> **Recorded data**
-- Opening Marker --

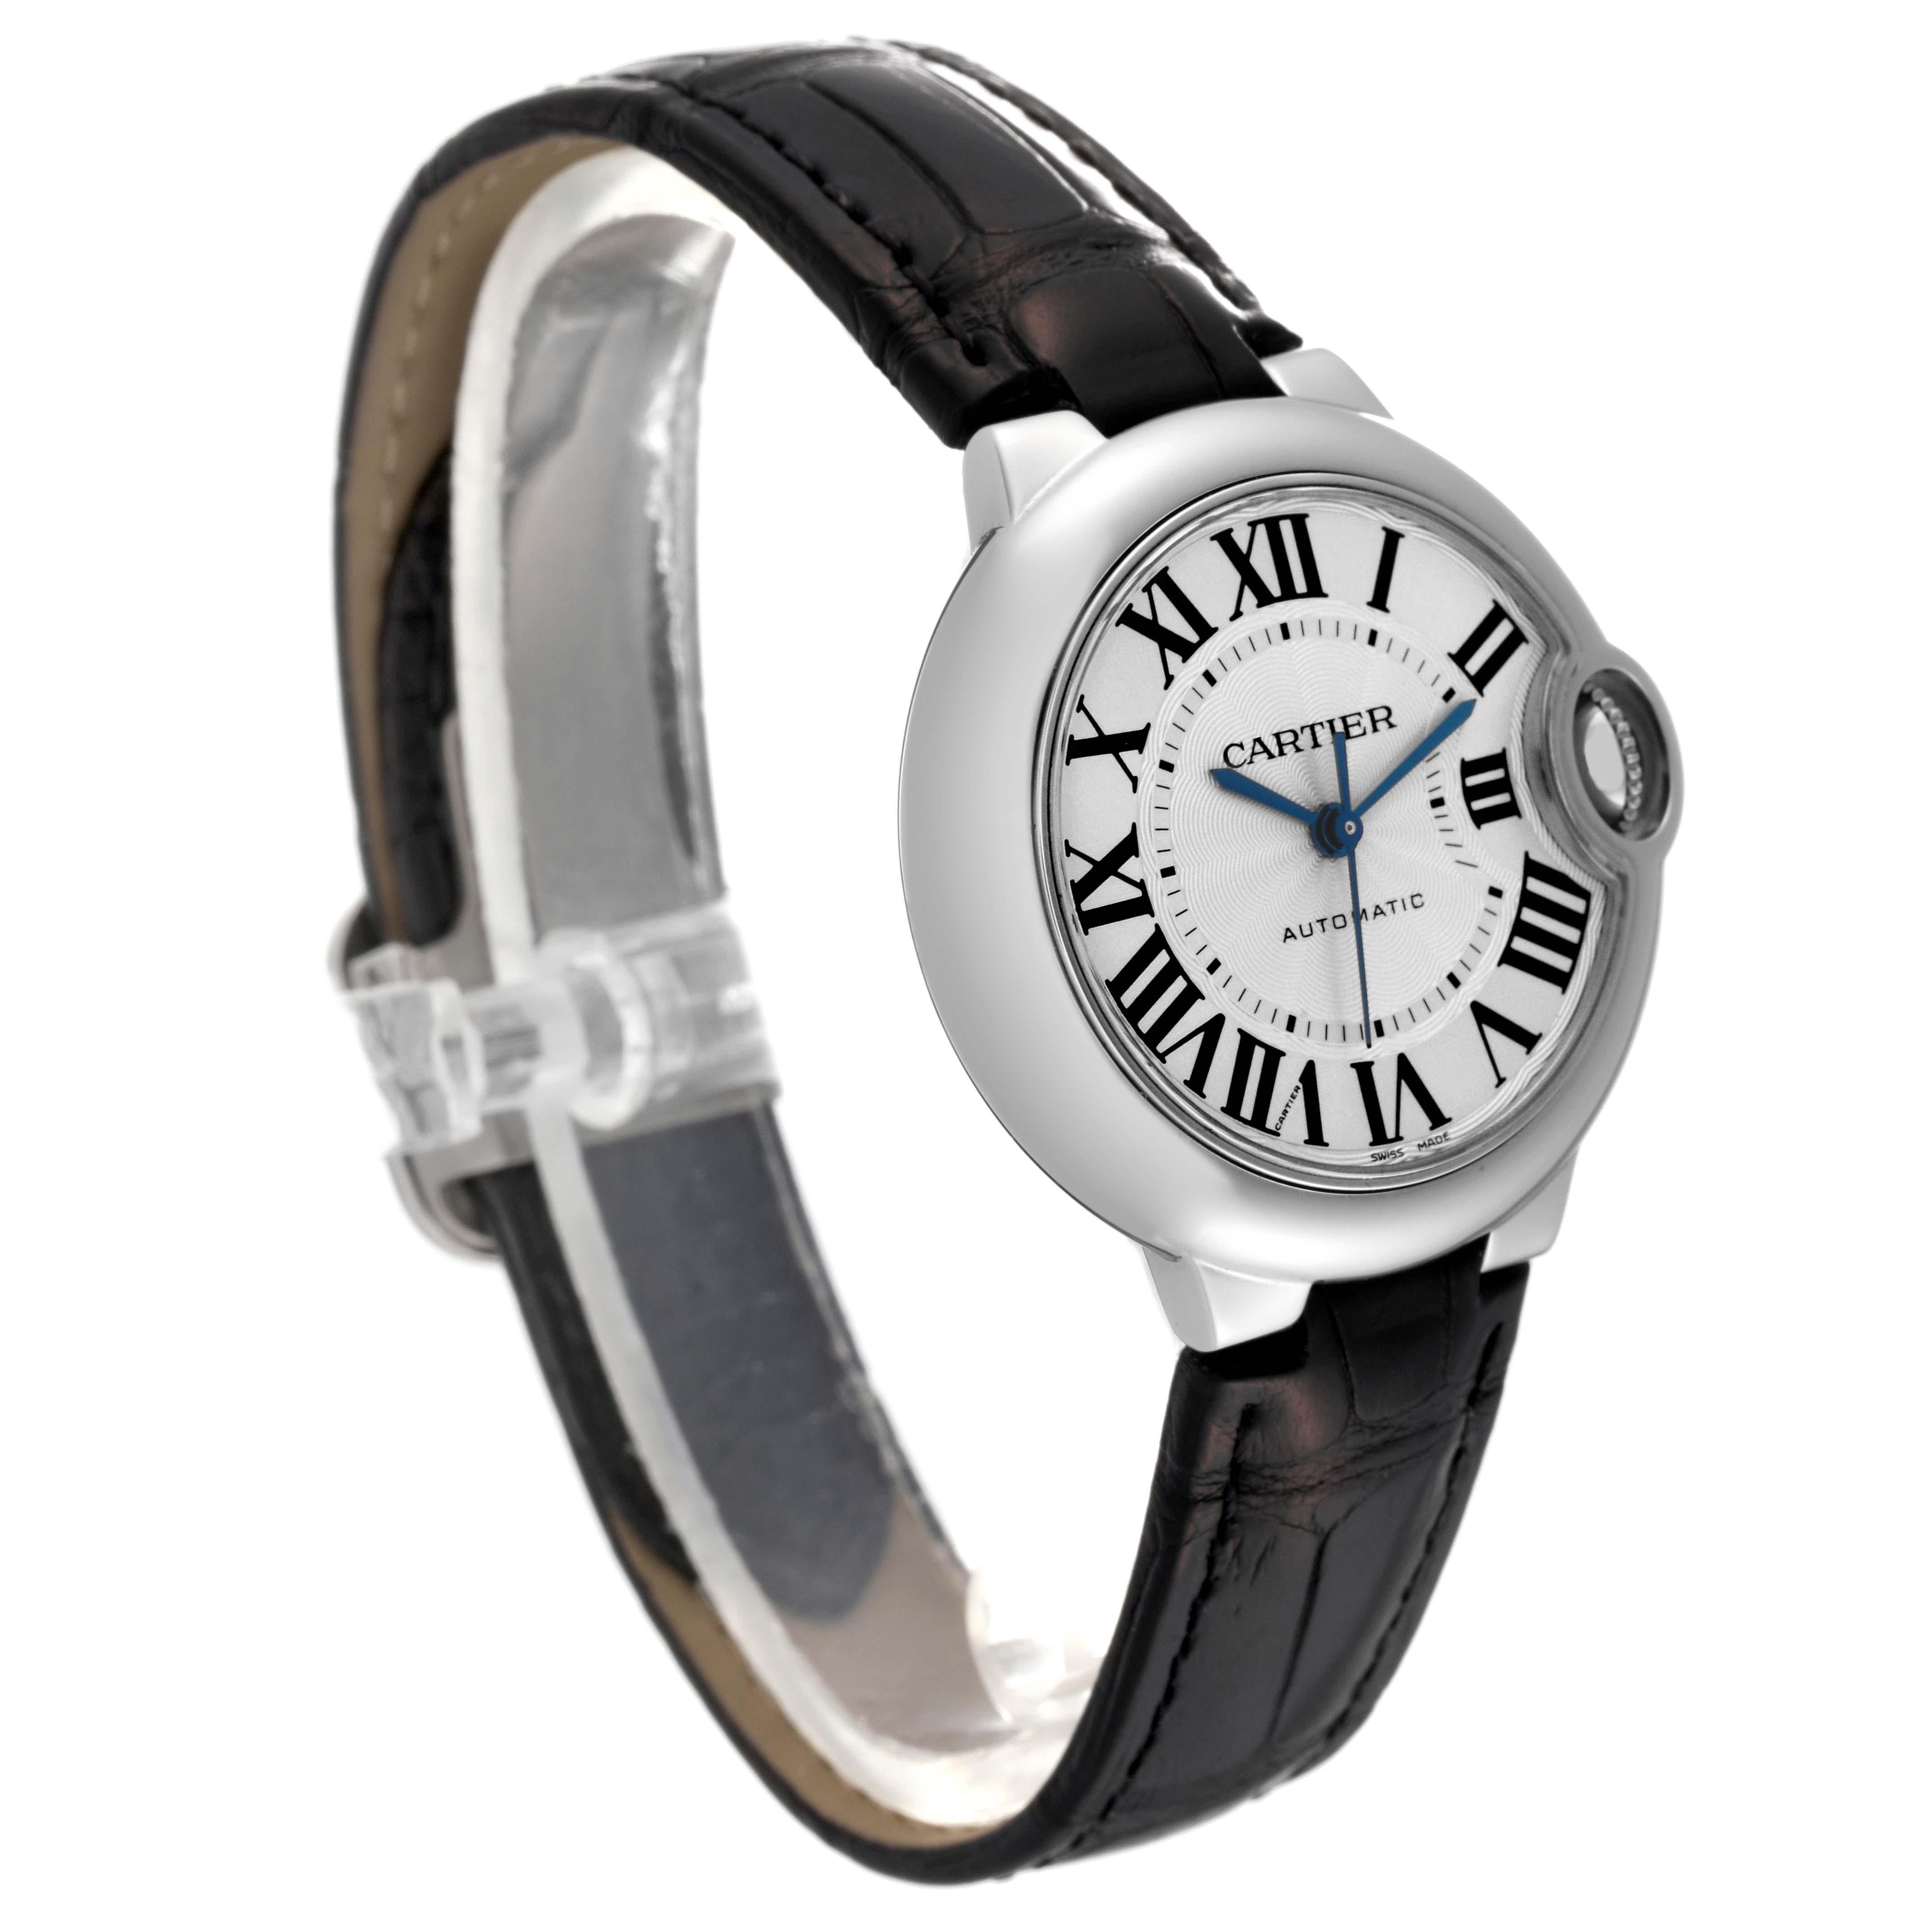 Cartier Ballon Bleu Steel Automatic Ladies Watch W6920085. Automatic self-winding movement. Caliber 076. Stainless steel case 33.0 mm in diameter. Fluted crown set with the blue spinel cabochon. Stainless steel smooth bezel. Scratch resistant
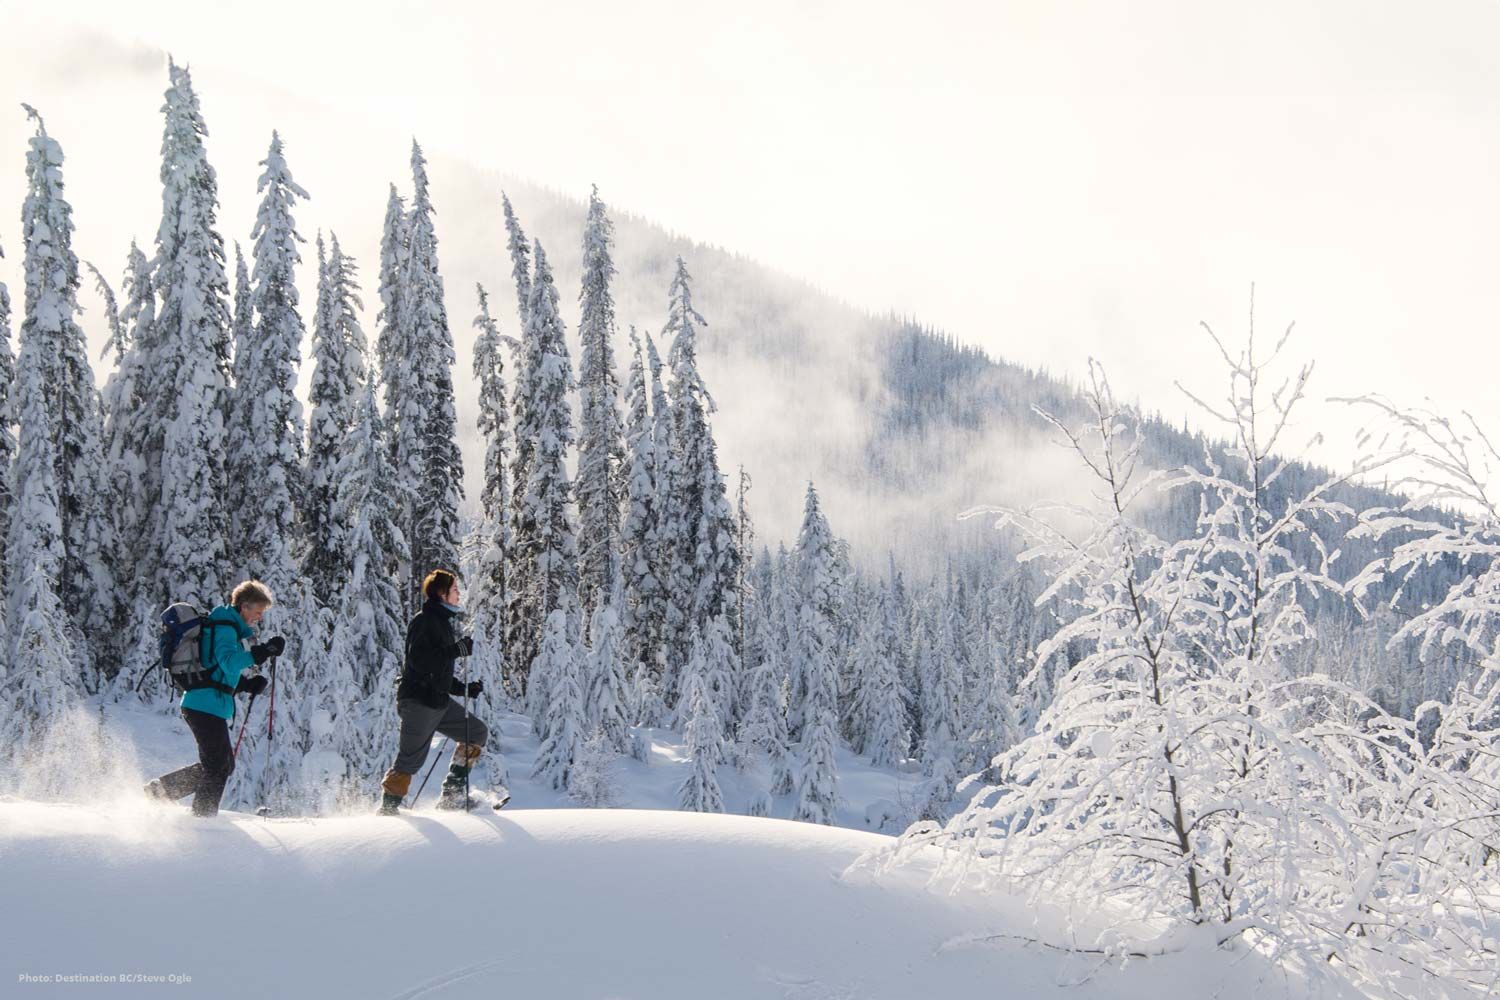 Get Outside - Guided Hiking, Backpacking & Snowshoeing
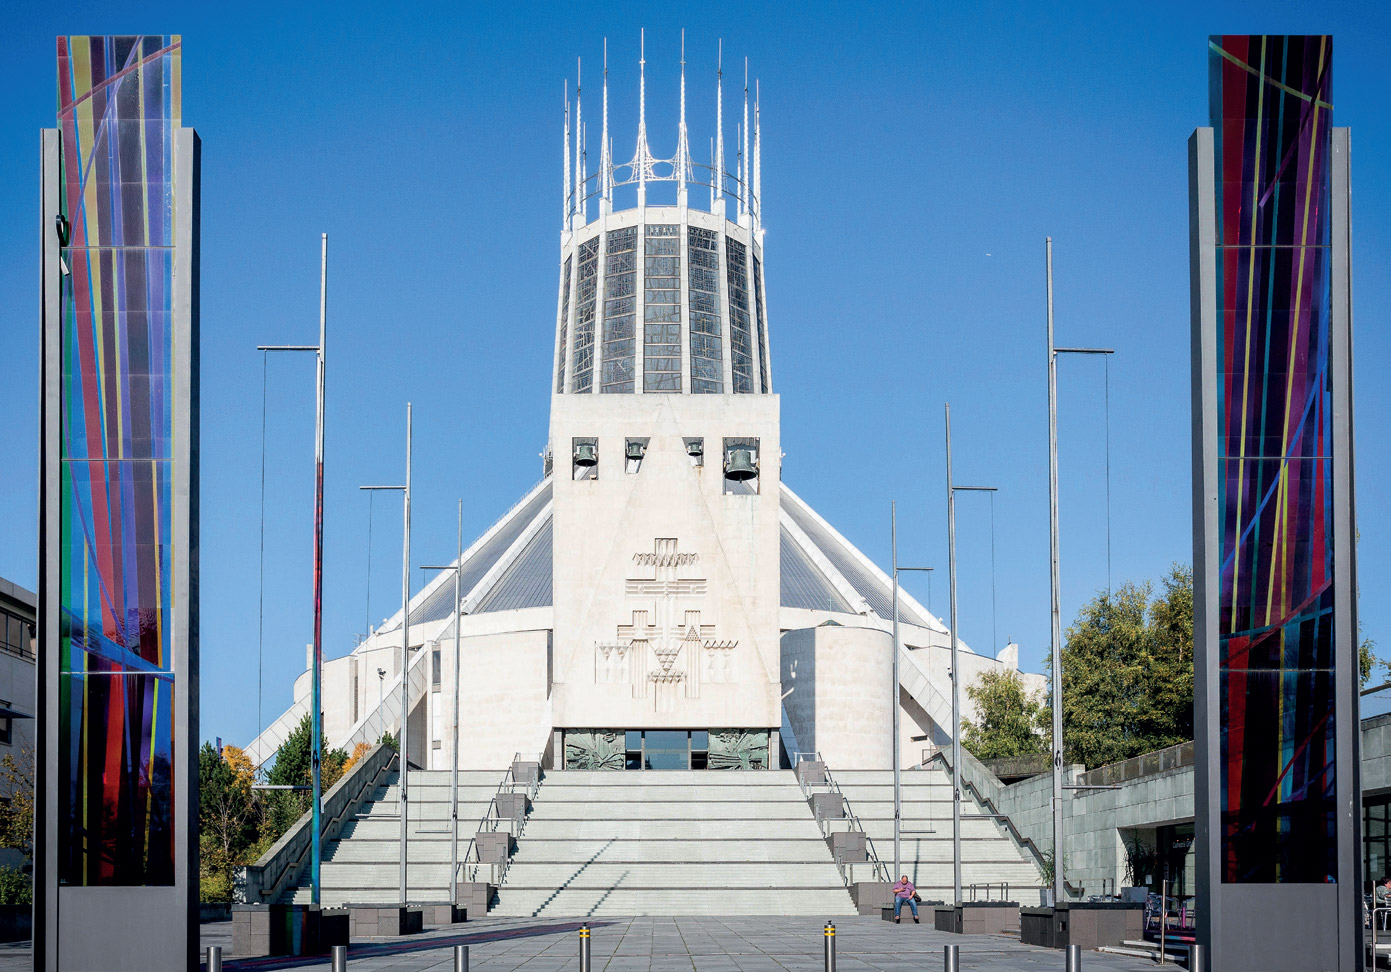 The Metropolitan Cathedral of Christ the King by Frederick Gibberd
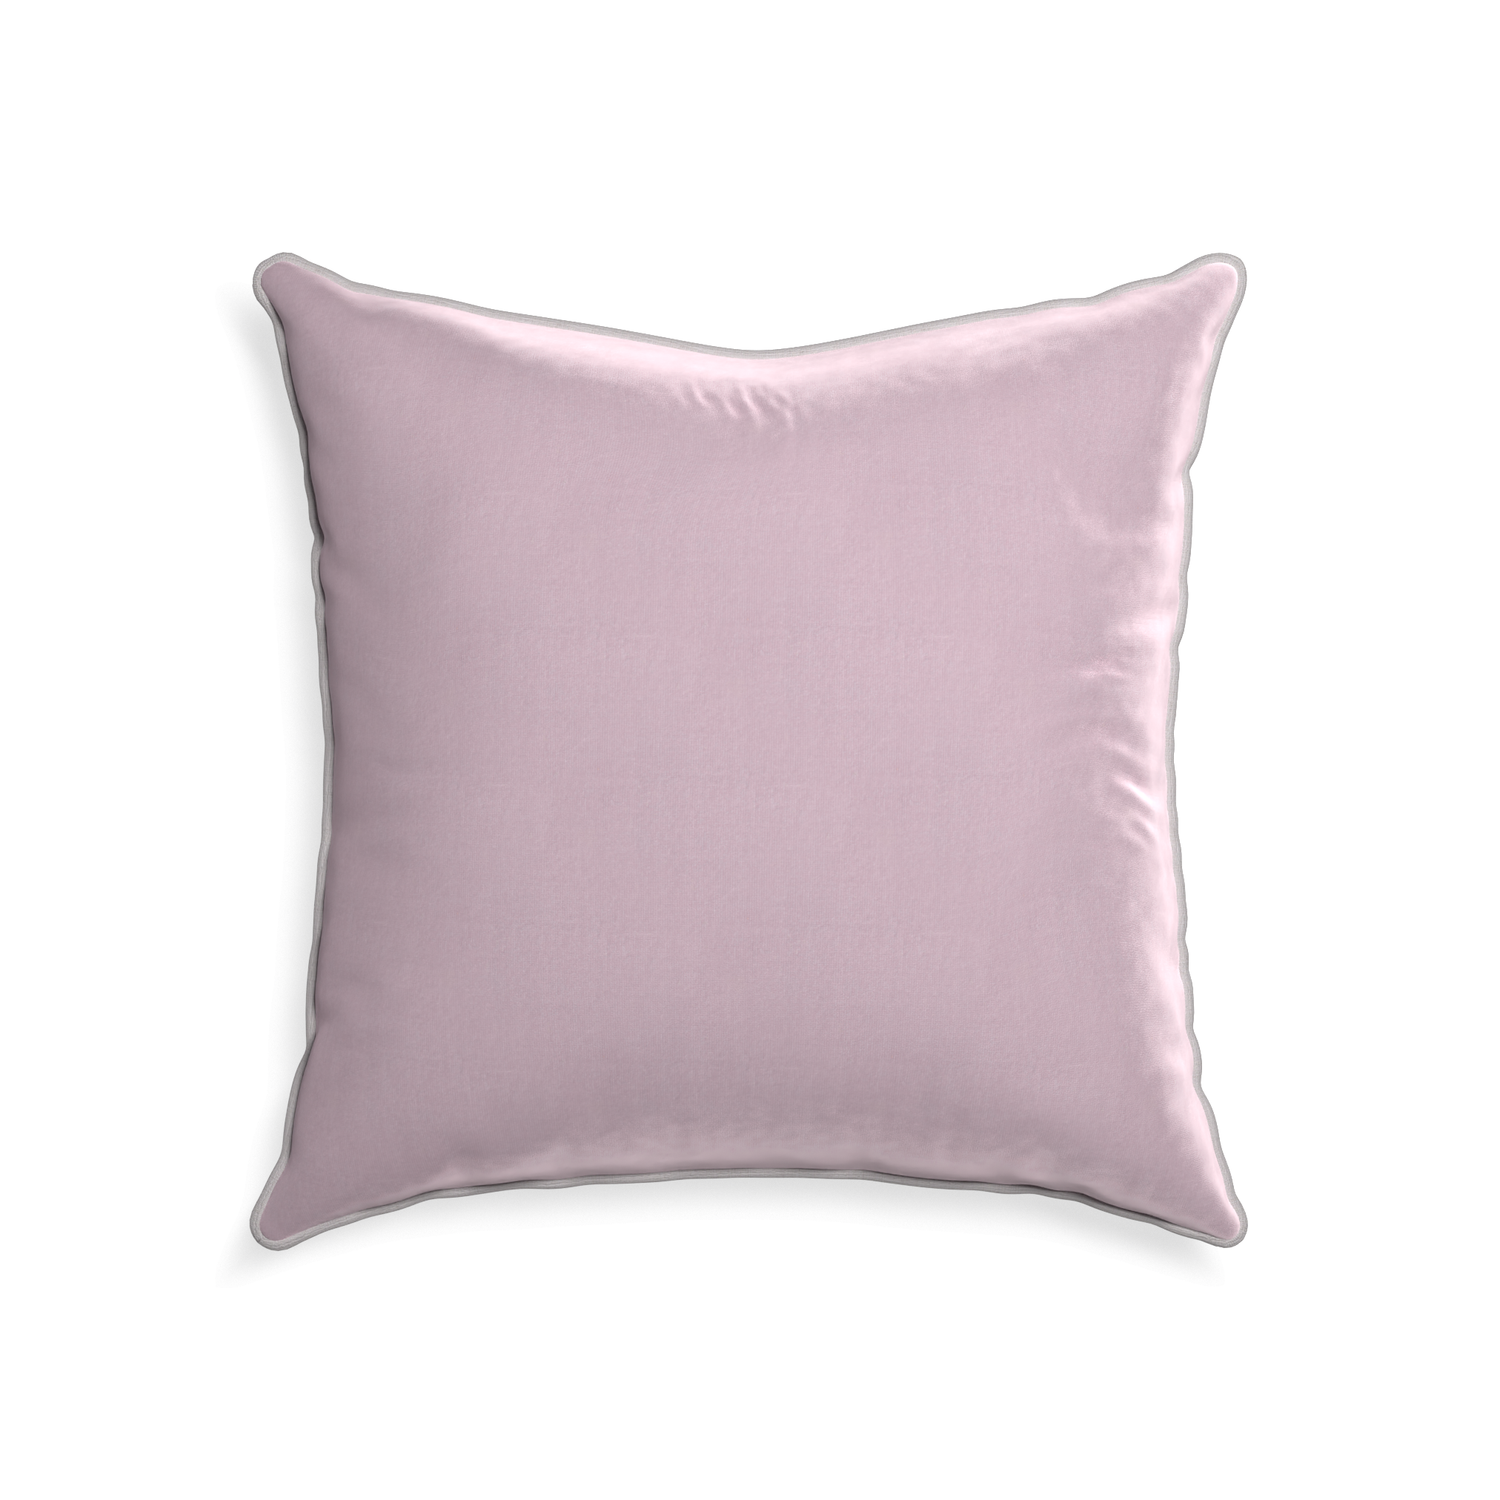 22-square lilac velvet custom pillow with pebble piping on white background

-- Closing Marker --

Restate word for word the lines from the one containing "The Metropolitan Cathedral" through the end of the material above, both included, and nothing besides; drop the pictures.

> **Reply to the exercise**
 The Metropolitan Cathedral of Christ the King by Frederick Gibberd
 22-square lilac velvet custom pillow with pebble piping on white background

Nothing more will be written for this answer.